翻转课堂;教学胜任力模型;TPACK;高校教师;人工智能;认知天花板
一、引言
翻转课堂方兴未艾。《国家教育事业发展“十三五”规划》中明确要求,要“全力推动信息技术与教育教学深度融合……利用翻转课堂、混合式教学等多种方式用好优质数字资源”。教育部《2016年教育信息化工作要点》中更是明确指出,高校应“利用在线开放课程探索翻转课堂、混合式教学等教学方式改革”。翻转课堂无疑已成为高校课堂教学改革的模式选择,成为信息技术与高校课堂教学深度融合的突破口与切入点,越来越多的高校教师正加入到翻转课堂的教学实践中。
教师是实现翻转的“基”[1],教师的能力结构制约着翻转课堂实施的效果与质量。翻转课堂的挑战与困难之一就是对教师TPACK水平和能力有了更高的要求[2]。要想高效实施翻转课堂,教师应具备什么样的知识与技能?这些知识、技能之间又具有什么样的结构特征?围绕此问题开展研究,既丰富了翻转课堂理论体系,又为高校教师翻转教学能力提升与评估提供有益参考。
二、相关研究综述
(一)高校教师教学胜任力相关研究综述
胜任力这一概念,由McClelland于1973年提出。对胜任力内涵的界定,主要有三种倾向:特征观、行为观、折中观[3]。持特征观的学者,包括Mc-Clelland、Spencer、McLagan、Sandberg 等。McClelland认为,胜任力是指在工作绩效或生活成就中直接相关的知识、技能、能力、特质或动机[4]。
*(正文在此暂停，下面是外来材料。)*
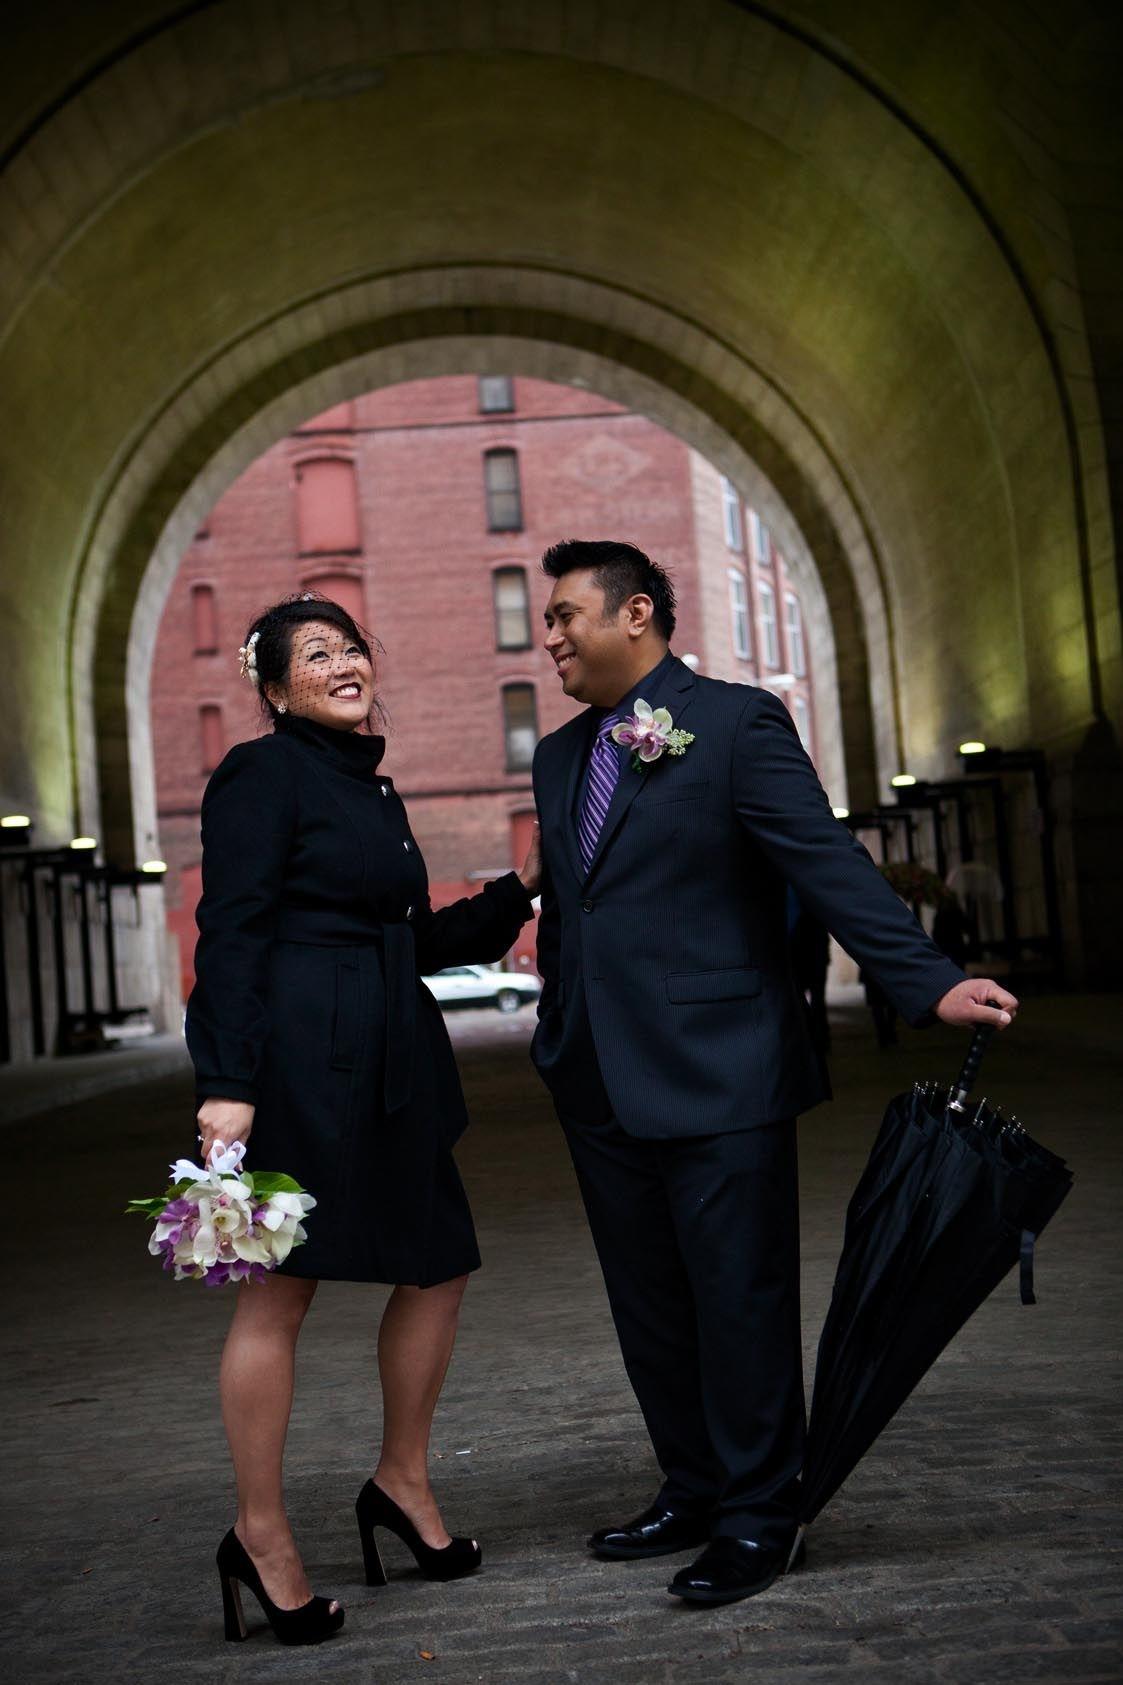 wedding at dumbo lofts

Spencer等认为,胜任力是“将工作中高绩效者和低绩效者进行区分的深层次特征。这种特征可以是动机、特质、自我形象、态度或者价值观,包括任何可以被测量或计数的,并且能显著区分优秀绩效者和普通绩效者的个体特征”[5]。McLagan则认为,胜任力是指能够匹配优秀绩效的能力,包括知识、技能与智慧技能等[6]。Sandberg认为,胜任力并不是指所有的知识和技能,而是指在工作时人们使用的可以测量的、能够帮助实现任务目标的工作习惯和个人技能[7];行为观代表学者有Fletcher、Cockrill、仲理峰等。 Fletcher认为,“胜任力是指与工作要求相关的、具体的、能够观察到的,并且能够按照某种逻辑进行归类的行为”[8];折中观的代表学者主要有Ledford、Byham等。Ledford认为,胜任力是个人可验证的一种特质,是能够产生优秀绩效并与优秀绩效的产生密切相关的知识、技能及行为[9]。
综上可知,胜任力与工作情境息息相关,个人绩效与胜任力密切相关,而胜任力是可以进行测量的,是不断发展的,并会随着环境以及工作的构成要素不同而改变。
高校教师胜任力是指高校教师个体所具有的、胜任高校工作要求的一种专业知识、专业技能以及专业价值观[10]。胜任力模型是指在工作中担任某一特定任务角色时,所应该具备的胜任力特征的总和[11]。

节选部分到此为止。